Opinion
No. F-01135-10.
February 8, 2011.
Emily S. Cartwright, Malone, for petitioner. Jessica M.D., respondent pro se.
OPINION OF THE COURT
Petitioner has filed written objections to the order of support entered by Michael J. Howley, Esq., Support Magistrate, on November 4, 2010, in accordance with the Child Support Standards Act (see Family Ct Act § 413). No response, in the form of a rebuttal, has been filed.
Family Court Act § 439 (e) sets forth the procedure to be followed in objecting to the determination of a support magistrate. Among the requirements of the statute is that
"[s]pecific written objections to a final order of a support magistrate may be filed by either party with the court within thirty days after receipt of the order in court or by personal service, or, if the objecting party or parties did not receive the order in court or by personal service, thirty-five days after mailing of the order to such party or parties."
Petitioner has filed in a timely manner.
The same statute also provides that "[a] party filing objections shall serve a copy of such objections upon the opposing party. . . . Proof of service upon the opposing party shall be filed with the court at the time of filing of objections. . . ." Petitioner has complied with this requirement. There is proof of service of petitioner's objections upon the respondent herein.
Petitioner commenced this proceeding by filing a support petition requesting that support be established for the child, Payne M.D. A hearing was conducted by the Support Magistrate on November 3, 2010. Petitioner's assignor was not present; petitioner was represented by counsel. Respondent appeared, pro se.
At the conclusion of the hearing, the Support Magistrate ordered respondent to pay child support in the amount of $25 per month commencing August 18, 2010. Respondent was additionally ordered to pay arrears in the amount of $75. The instant objections followed.

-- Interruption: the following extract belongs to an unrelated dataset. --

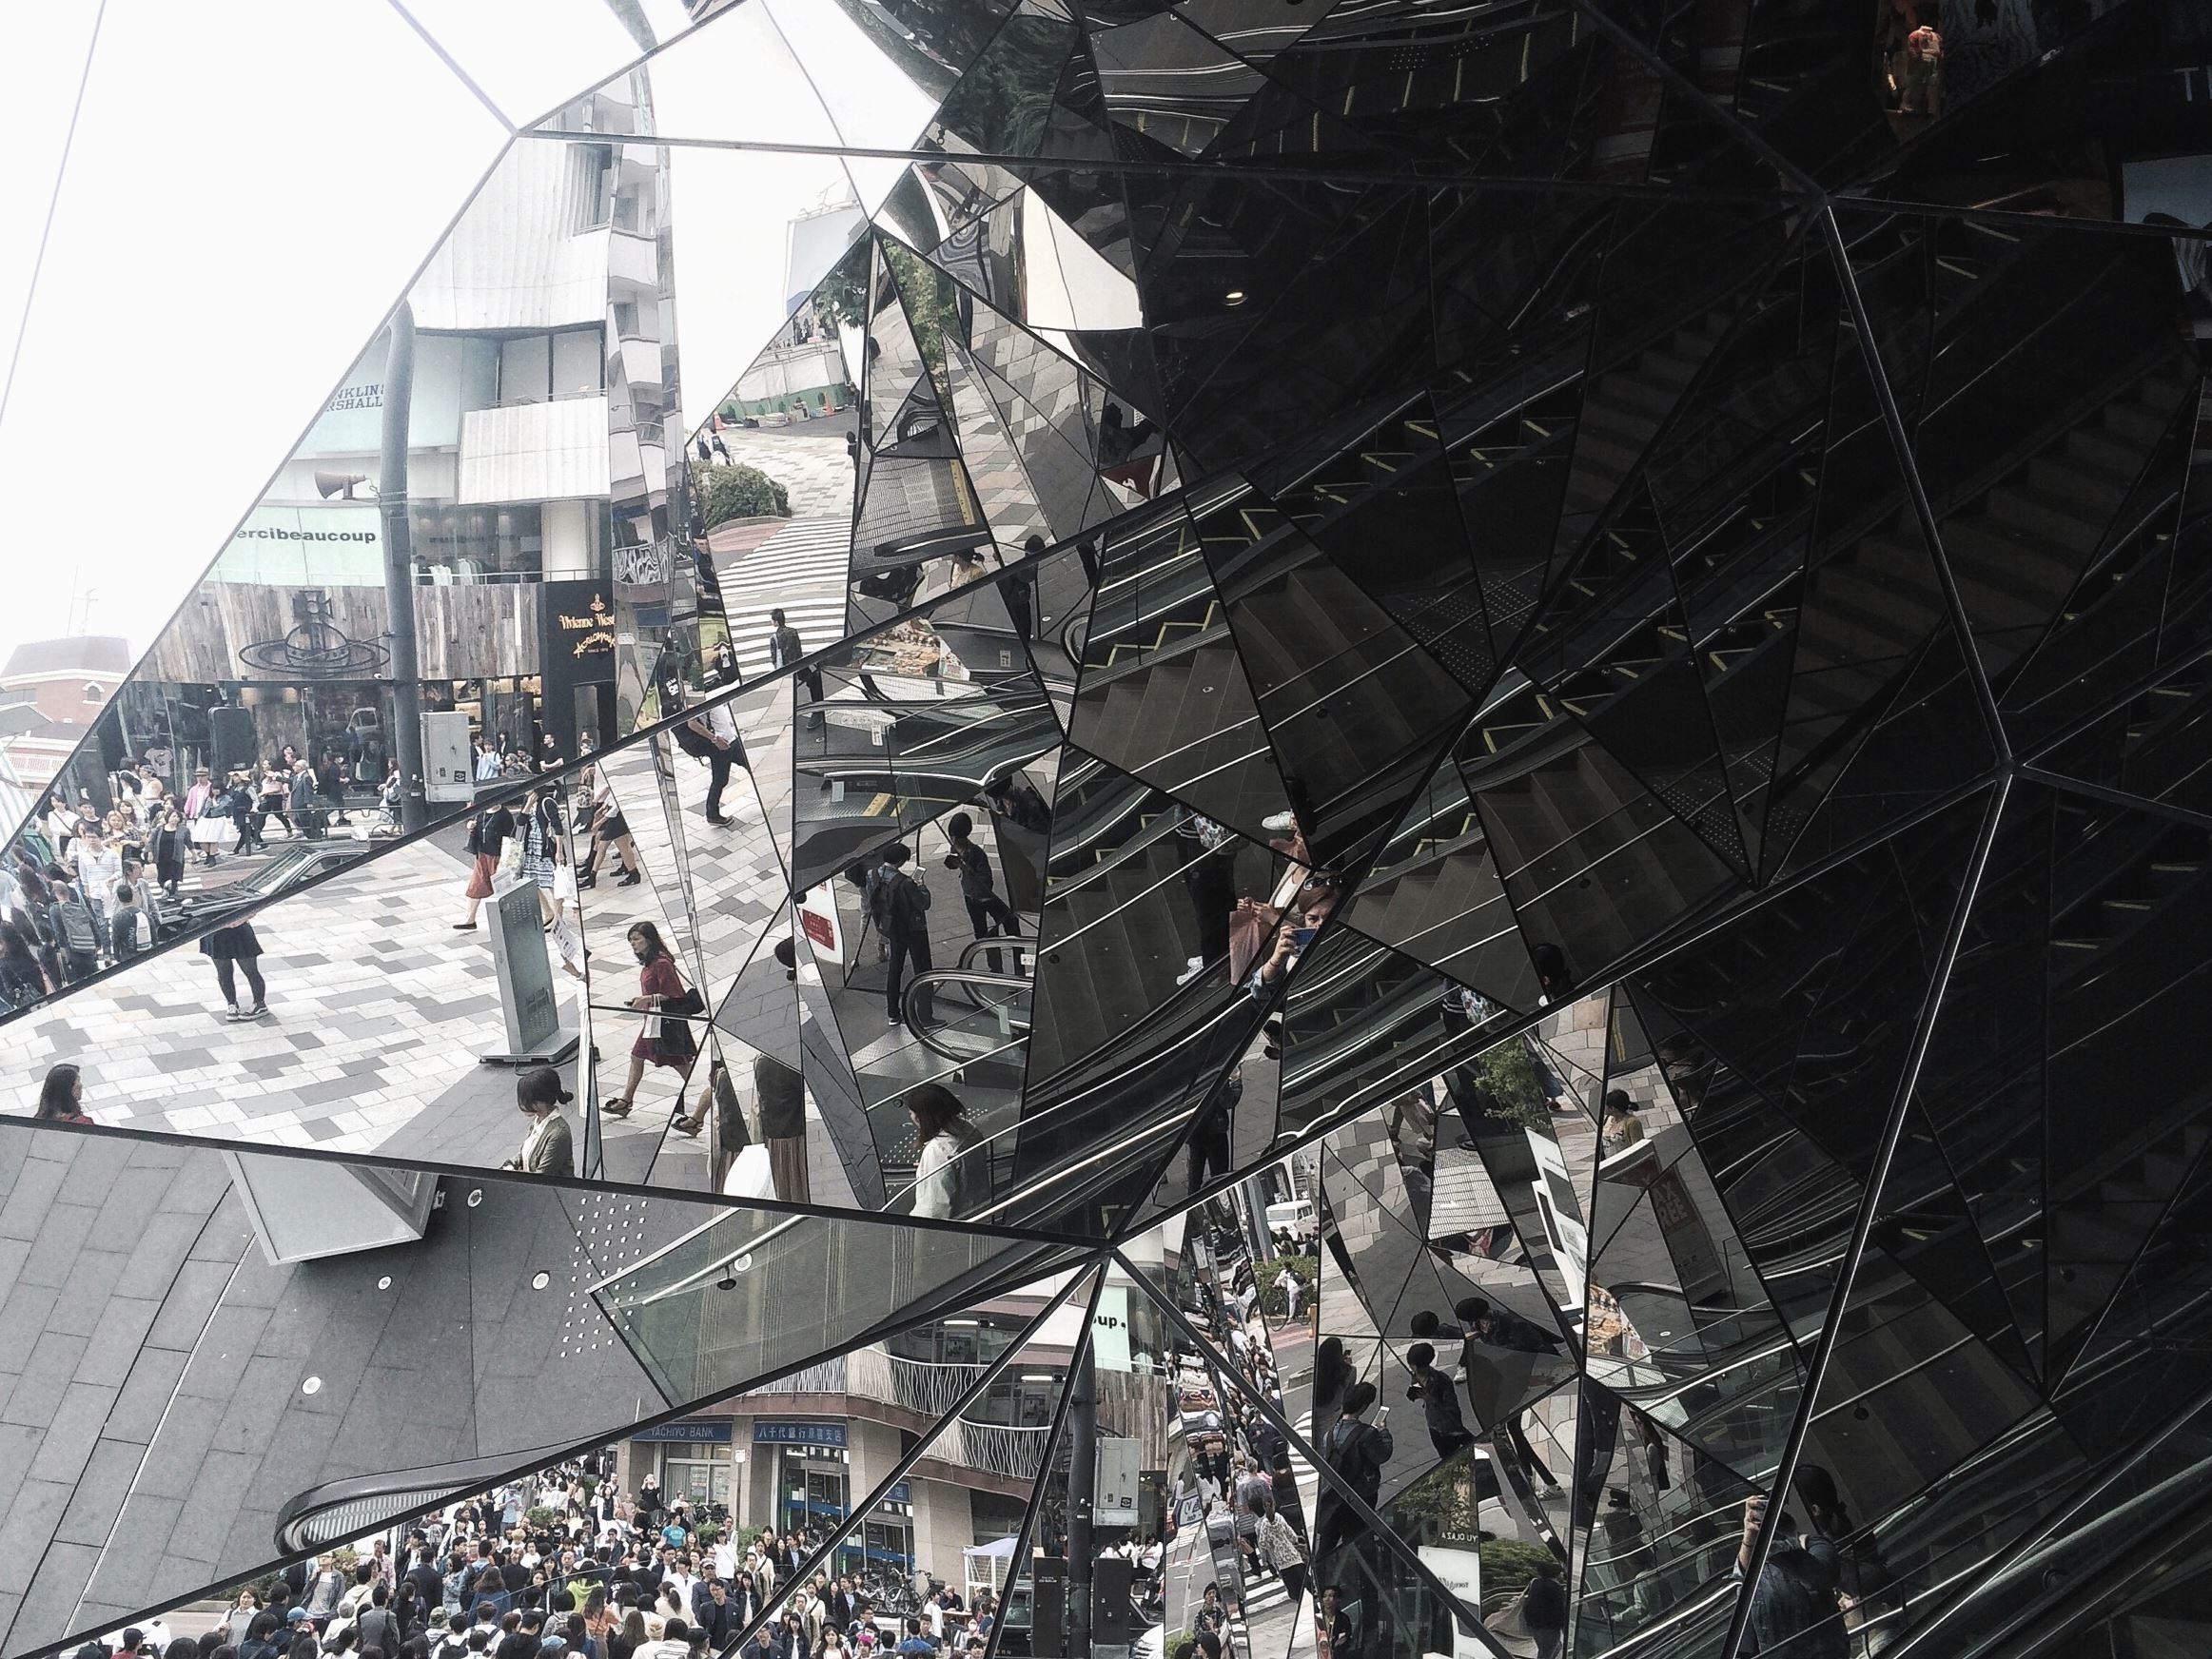 Spiegel Treppen kostenlose bild straße leute mann frau spiegel reflexion wand

In her objections, petitioner argues that the Support Magistrate erred as a matter of law and abused his discretion. She argues that the Support Magistrate erred in ordering respondent to pay only $25 per month in current support based upon respondent's current incarceration. Counsel for petitioner argues that, given the testimony provided by respondent herself, the Support Magistrate should have imputed income based upon respondent's prior work experience and employment.
The court has listened to the electronic recording of the proceedings before the Support Magistrate. Based upon that review, this court finds that the order must be reversed.
At the hearing, respondent testified that she was currently incarcerated and had been since August 16, 2010. She further testified that her last employment was with Fellion's Diamond Center, full time, at the rate of $8 per hour. She maintained that employment from November of 2008 through April of 2010. She had previous employment with Nancy's Cafe and McDonald's. Respondent testified that she lost her employment with Fellion's Diamond Center when she was arrested for grand larceny charges stemming from that employment.
In her objections petitioner writes,
"[respondent stated that the only reason for this employment ending was as a direct result of her arrest and incarceration. . . . Based on the foregoing and the record in this matter, the Support Magistrate erred in failing to impute income to Respondent based on her previous employment with Fellion's Diamond Center. Respondent should not be rewarded for the fact that she brought about her own employment termination and subsequent incarceration."
This court agrees. On the very date this support petition was filed, October 13, 2010, new child support legislation went into effect. Family Court Act § 451 (2) (a) provides that
"[t]he court may modify an order of child support, including an order incorporating without merging an agreement or stipulation of the parties, upon a showing of a substantial change in circumstances. Incarceration shall not be a bar to finding a substantial change in circumstances provided such incarceration is not the result of nonpayment of a child support order, or an offense against the custodial parent or child who is the subject of the order or judgment."
This new language applies, as it states, to modifications of child support. The matter now before this court is not a petition for modification but, rather, a petition seeking an initial order of support. A review of the Support Magistrate's findings of fact fails to reveal the basis for his decision. It certainly appears that the Support Magistrate found respondent's income to be zero based upon her incarceration. For reasons unclear to this court, the New York State Legislature chose only to apply this language regarding incarceration to modification petitions. As such, this new legislation does not affect the current case law in this state regarding initial applications for child support.
It is undisputed that a court may impute income to a party who loses employment due to her own misconduct ( see Matter of Grettler v Grettler, 12 AD3d 602; Barnaby v Barnaby, 259 AD2d 870). The Support Magistrate should have imputed income to the respondent based upon her most recent employment.
"New York courts will not countenance a reduced child support award where a parent's financial hardship results from his or her own intentional and wrongful conduct resulting in incarceration" ( Matter of Winn v Baker, 2 AD3d 1169, 1170 [citations omitted]).
In this court's judgment, this is particularly relevant where the child for whom support is sought is a public charge. And, where imputation is relevant, this court believes that the principles set forth by the Second Department in Matter of Kristy Helen T. v Richard KG. ( 17 AD3d 684) are persuasive.
Objections sustained; order reversed; matter remanded to the Support Magistrate to impute income to the respondent, based upon the evidence at the hearing, without the need for further hearing and, thereafter, to enter a new order not inconsistent with this decision and order.